The age of no compromise is a direct consequence of technological complexity in every aspect of human life. Young people now wonder how people lived 20 years ago without smart phones, but thousands of years ago, people created wonders without even electricity. Isaac Newton wrote the Principia with a quill under candlelight. There has been no fundamental progress in this century other than an uncontrollable drive to pack more transistors into chips and increase processing power. This creates higher complexity, which leads to more extremes and no compromise. Technology offers a sense of superiority but has also been the driving force behind large-scale industrial wars.
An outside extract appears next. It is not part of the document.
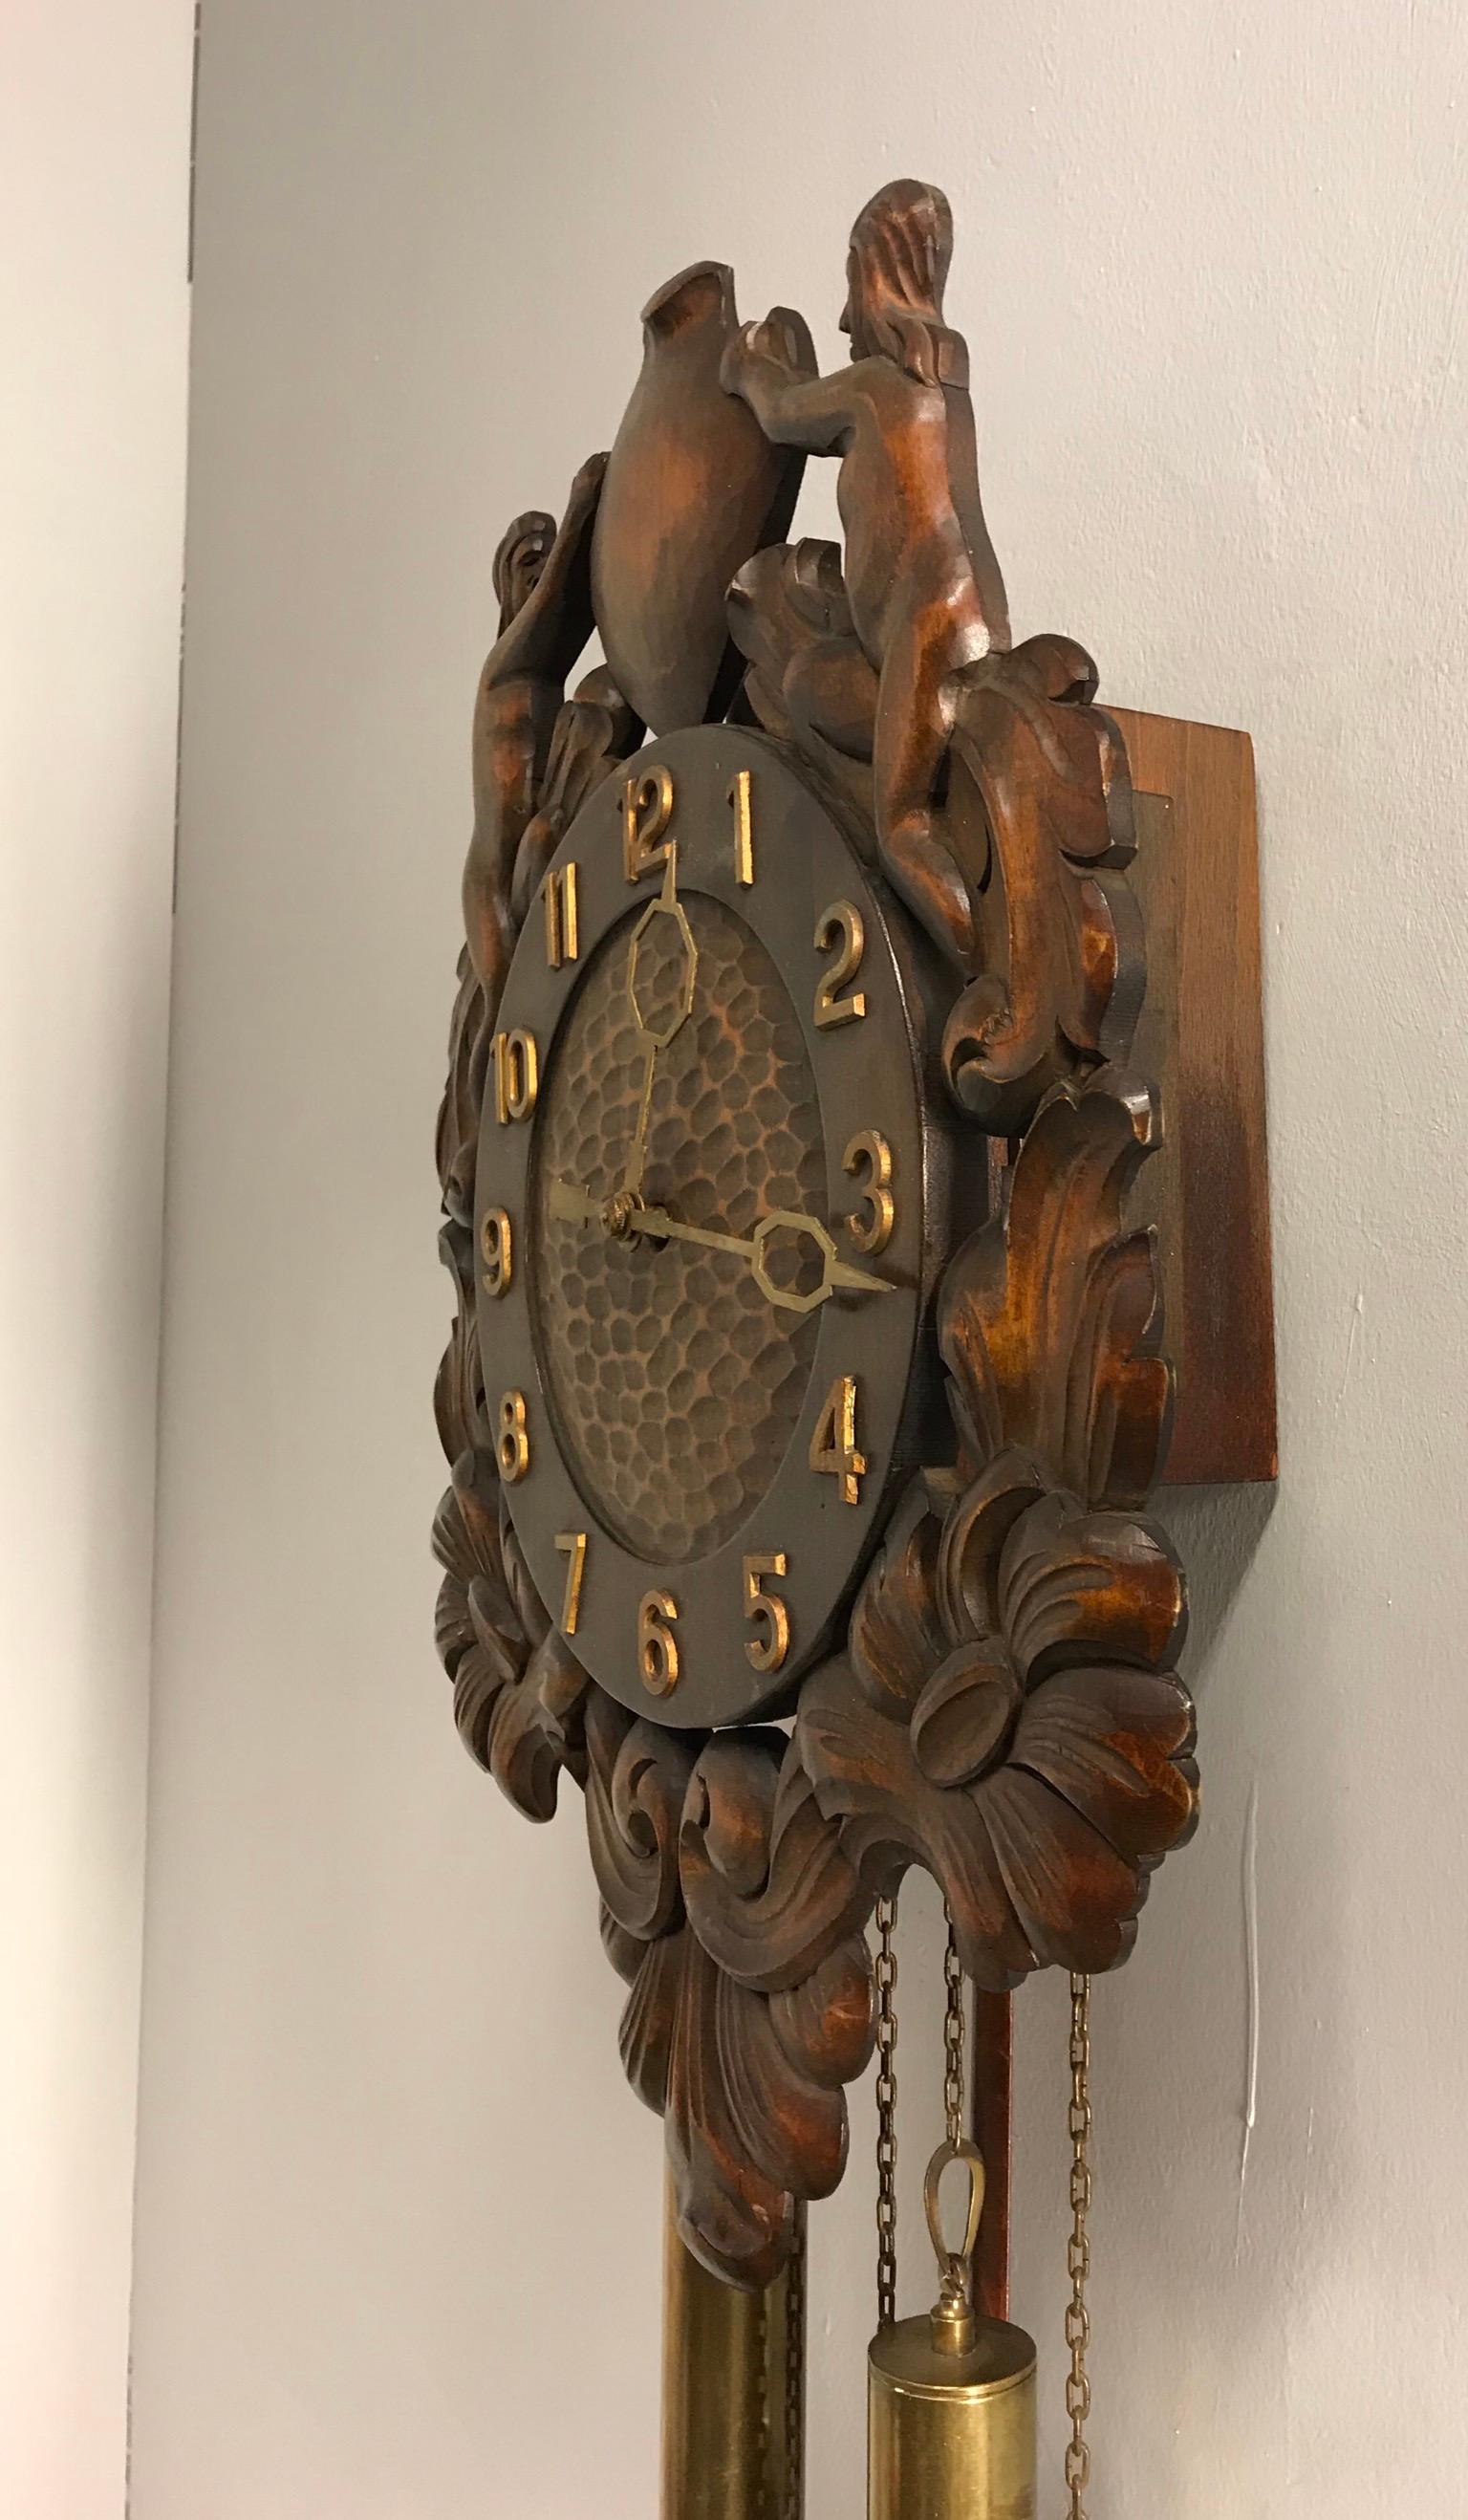 Brass Unique Denmark Made Classical Roman Wall Clock with Sculptures and Flowers For Sale
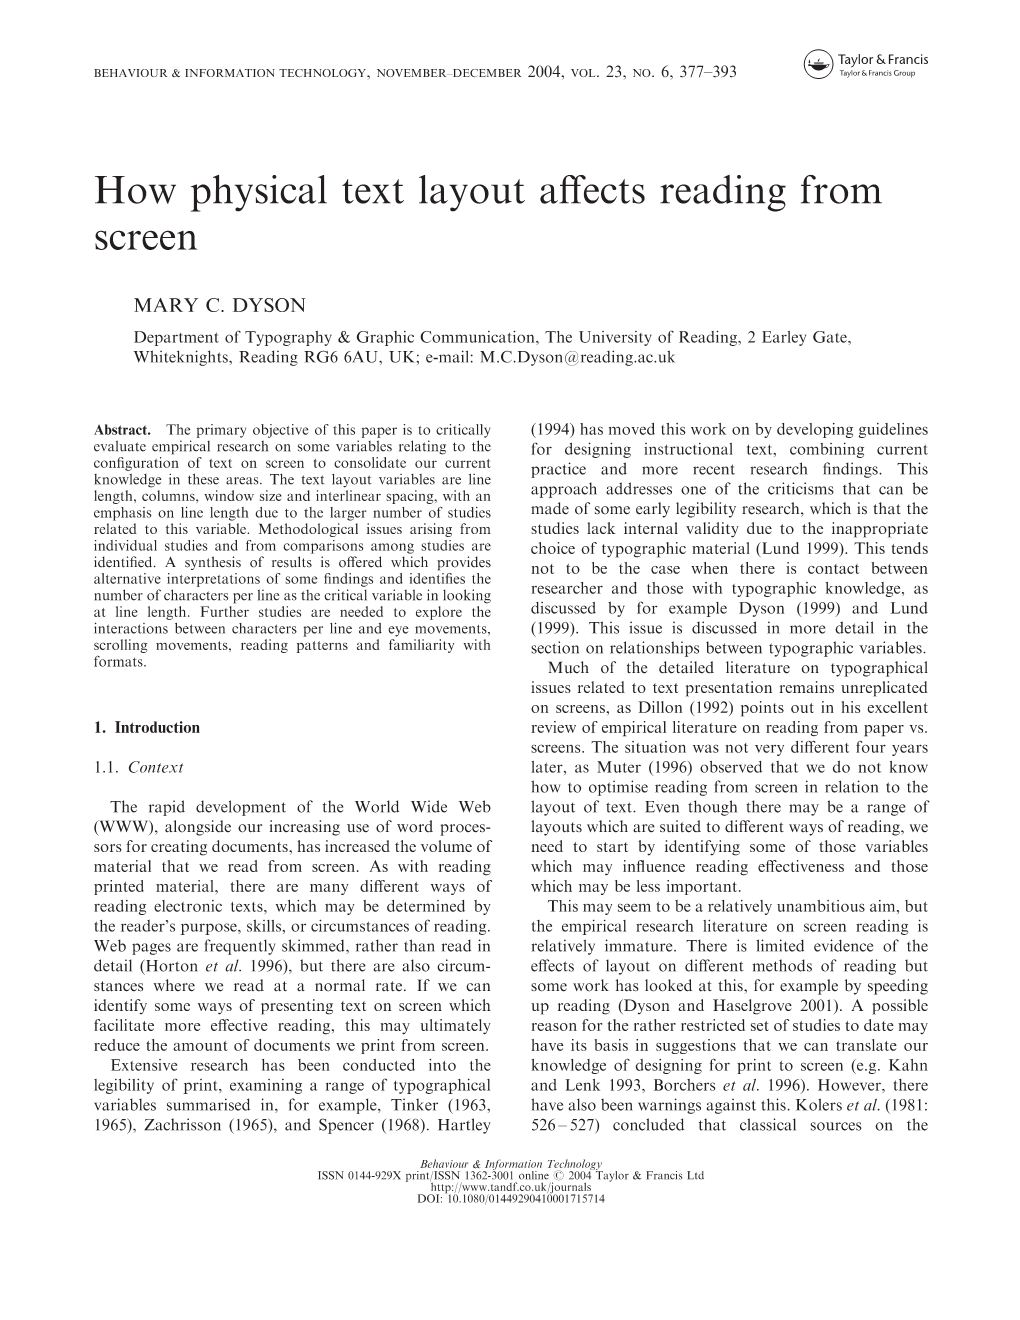 How Physical Text Layout Affects Reading from Screen

In a nutshell, no compromise states arise due to the disturbing result in mathematics of the hyper-surface area tending to zero as the number of dimensions increases. At about 20 dimensions, nearly all the volume of the hypersphere is concentrated at the edges of an inscribed hypercube. There are no solutions except for extreme values. Two extreme solutions are no immigration (far right) or open borders (far left). Another example of extreme solutions is no nuclear energy for power or 100% nuclear energy for power. When it comes to social policies, we see in some countries no compromise positions, for example, free health care versus no free health care or free education versus private education. Or, as a very extreme no-compromise position, no sentencing for burglars (far left) or heavy sentences for burglars (far right). As complexity increases, the few voices remaining that suggest a compromise tend to select extremes. The ultimate extremes are no war versus an all-out war. All disputing parties have recently adopted this position of no compromise. Due to complexity, there is no room for compromise. Of course, there have been similar decisions in the past in a lower-complexity world, but there were no risks of total annihilation and it is this that makes higher complexity an ominous development. Everyone thinks they have the technology to prevail, so why compromise at all? The Chinese think they have the technology to prevail in a war with Taiwan, the Russians think they can prevail in a war with Ukraine, and the USA thinks it can dominate in a war with them. Why compromising?
In the past, when battles ended with 80% or 90% of the army dead, opponents compromised because there was no way to continue fighting. Nowadays, with drones and ballistic missiles, few see reasons for a compromise. As the technology gets more advanced, with autonomous robots joining the armies, the situation will get worse. When “no compromise” becomes the doctrine, ruin becomes more certain. Is this dynamic reversible?
We need a miracle that will force a compromise.